= Jost Fitschen =

German botanist

Jost Fitschen (1 January 1869, in Brest (Lower Saxony) – 26 January 1947, in Hamburg-Altona) was a German botanist known for his work in the field of dendrology.

Beginning in 1889, he worked as a schoolteacher in the town of Geversdorf, afterwards teaching classes in Magdeburg (1894–1901), where he worked closely with Otto Schmeil. With Schmeil, he was co-author of the popular "Flora von Deutschland", a book on German flora that was published over many editions (98th edition issued in 2023). From 1901 to 1930, he taught classes in Altona, where for a period of time he also served as an academic rector. In his later years, he suffered from a nervous disorder that placed severe limitations on his activities.

== Publications ==
- Flora von Deutschland : ein Hilfsbuch zum Bestimmen der zwischen den deutschen Meeren und den Alpen wildwachsenden und angebauten Pflanzen (with Otto Schmeil) Leipzig : Quelle & Meyer, edition 30, 1922 – Flora of Germany: An auxiliary book to determine wild and frequently cultivated plants in Germany.
- Handbuch der Nadelholzkunde: Systematik, Beschreibung, Verwendung u. Kultur d. Ginkgoaceen, Freiland-Koniferen u. Gnetaceen. Für Gärtner, Forstbeamte u. Botaniker. Mit Beitr. v. H. Klebahn u.a.
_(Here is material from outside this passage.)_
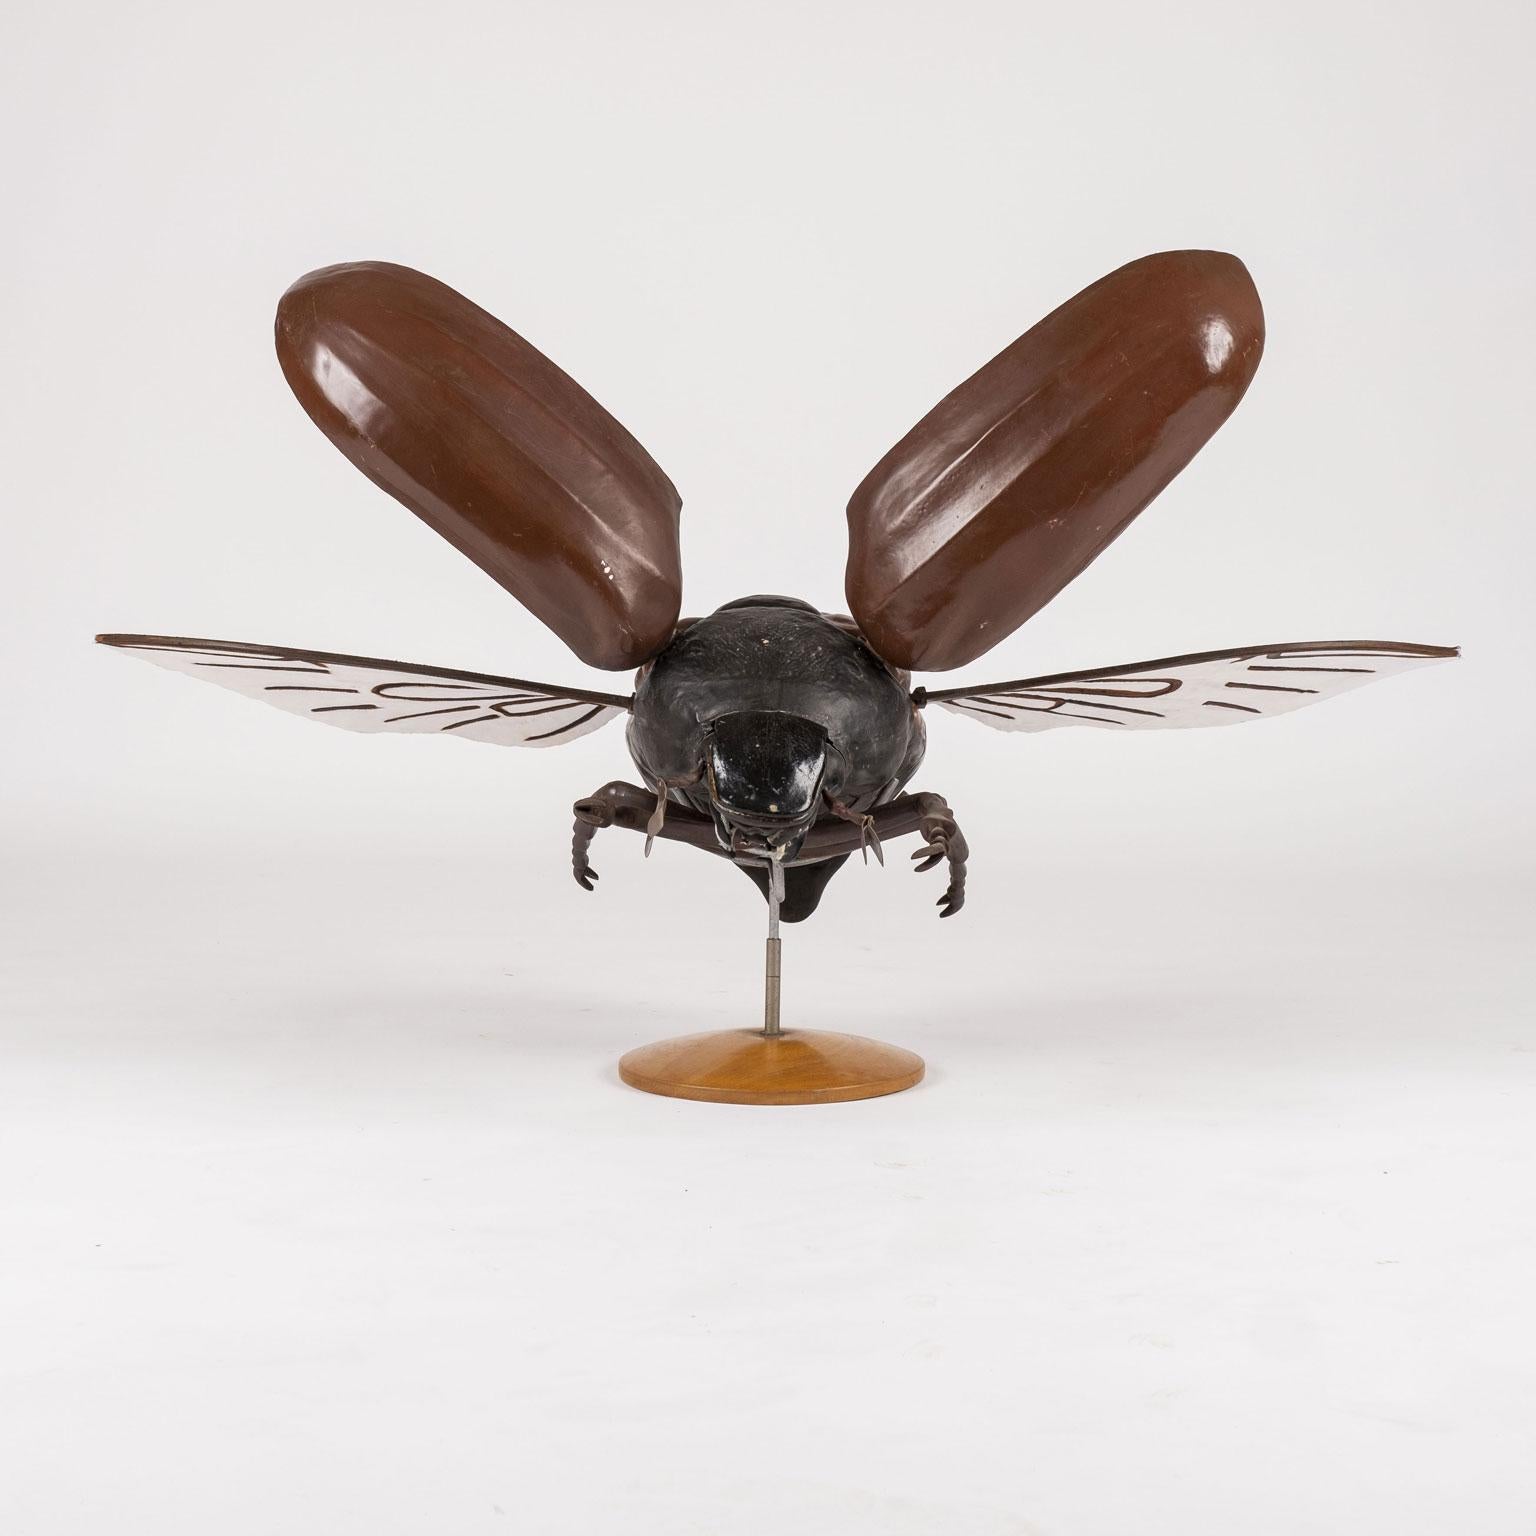 Large sculpture of beetle in flight, this is a large cut-away model (on the original base) of a beetle used for anatomical instruction in a Prague, (circa 1950-1959). Model is hand-crafted from papier-mâché and carved wood. Completely hand-painted

Mit 204 Textabb (with Ludwig Beissner) 1930 – Handbook of softwoods : systematics, descriptions, usage in cultivation of Ginkgoaceae, free-range conifers and Gnetaceae. For gardeners, forestry officials and botanists. with contributions by Heinrich Klebahn, inter alia with 204 text abbreviations.
- Gehölzflora ein Buch zum Bestimmen der in Deutschland und den angrenzenden Ländern wildwachsenden und angepflanzten Bäume und Sträucher. 3., erw. Aufl 1935 – Woody plants; a book for the determination of wild and cultivated trees and shrubs in Germany and neighboring countries.